> [WHAT THE TASK ASKS]
Repeat the full listing below verbatim and keep the images out.

RECORDED INFORMATION Start Marker

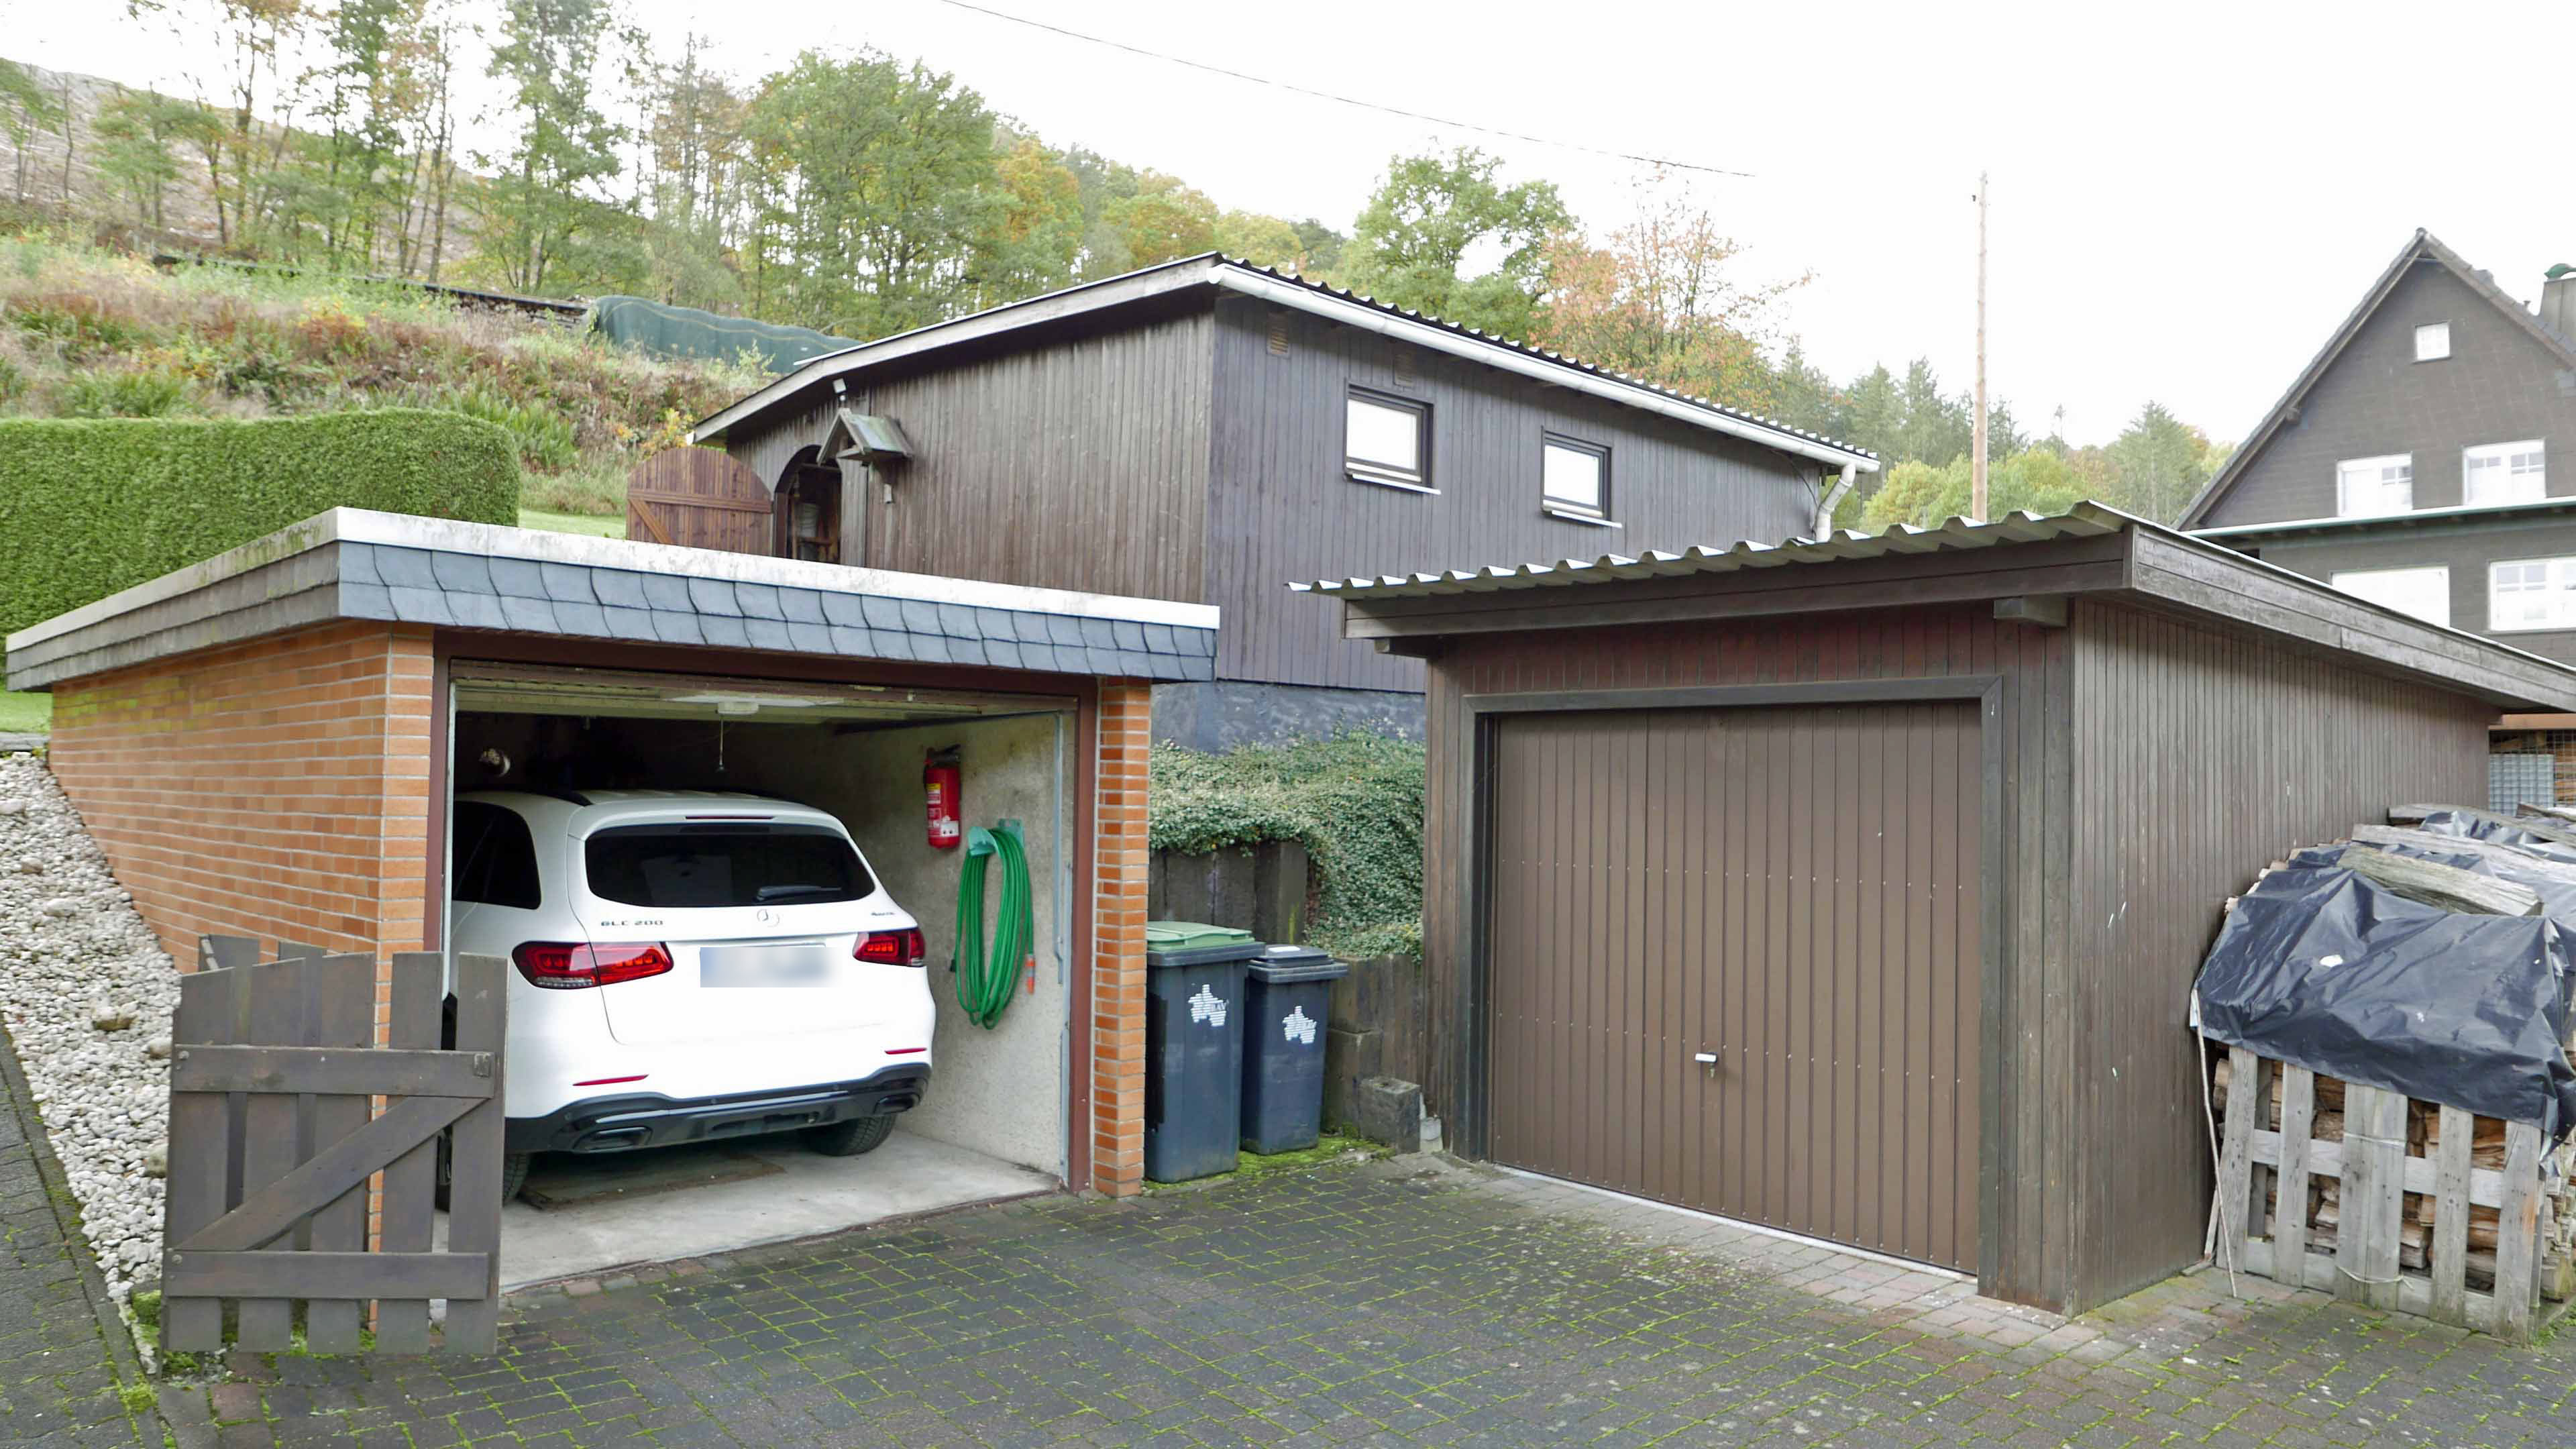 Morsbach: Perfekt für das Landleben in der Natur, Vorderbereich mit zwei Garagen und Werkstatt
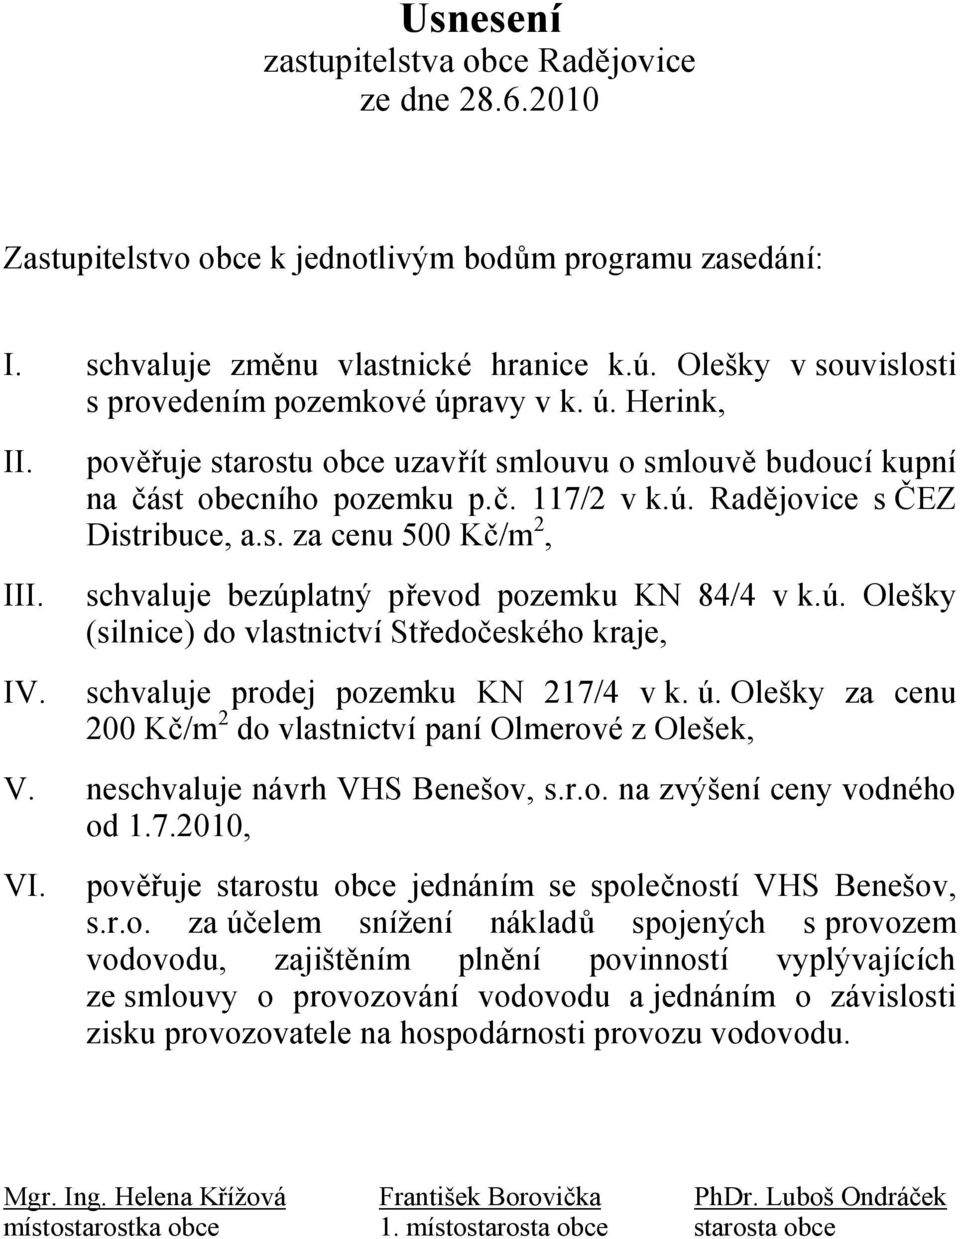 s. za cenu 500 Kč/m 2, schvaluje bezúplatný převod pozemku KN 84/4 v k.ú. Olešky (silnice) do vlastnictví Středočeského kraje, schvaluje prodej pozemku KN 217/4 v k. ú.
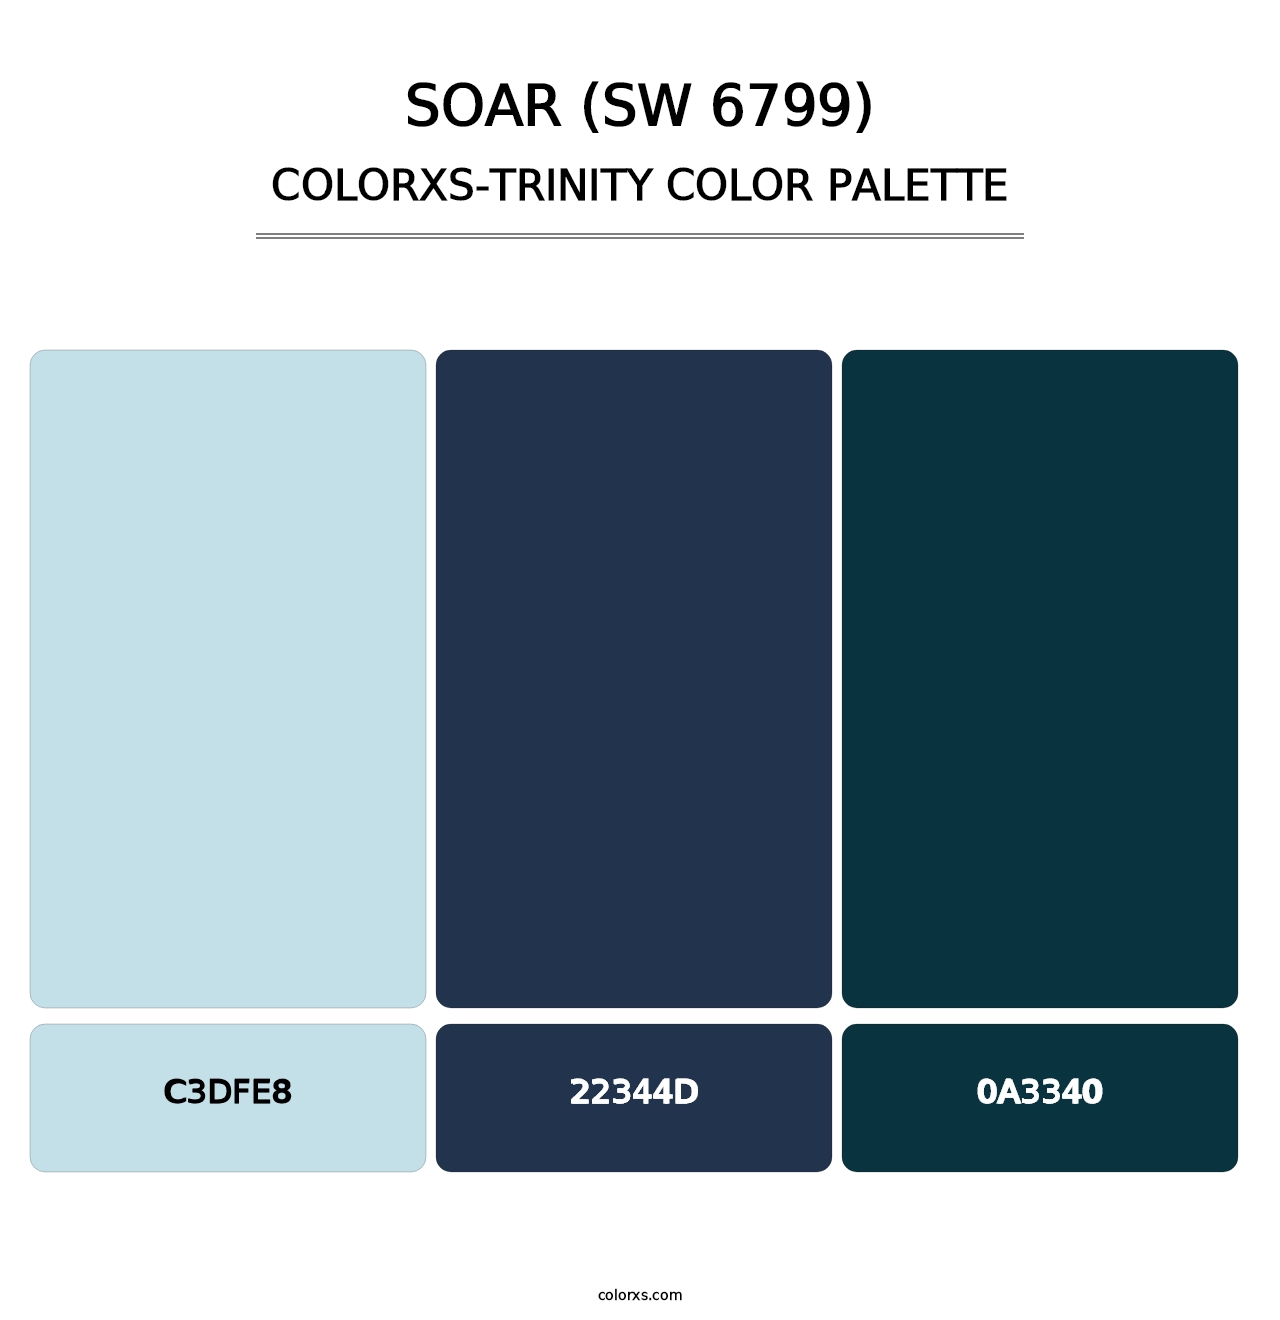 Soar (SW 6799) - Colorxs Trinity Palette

RECORDED INFORMATION End Marker

> [SOLUTION]
 Morsbach: Perfekt für das Landleben in der Natur, Vorderbereich mit zwei Garagen und Werkstatt
 s. za cenu 500 Kč/m 2, schvaluje bezúplatný převod pozemku KN 84/4 v k.ú. Olešky (silnice) do vlastnictví Středočeského kraje, schvaluje prodej pozemku KN 217/4 v k. ú.
 Soar (SW 6799) - Colorxs Trinity Palette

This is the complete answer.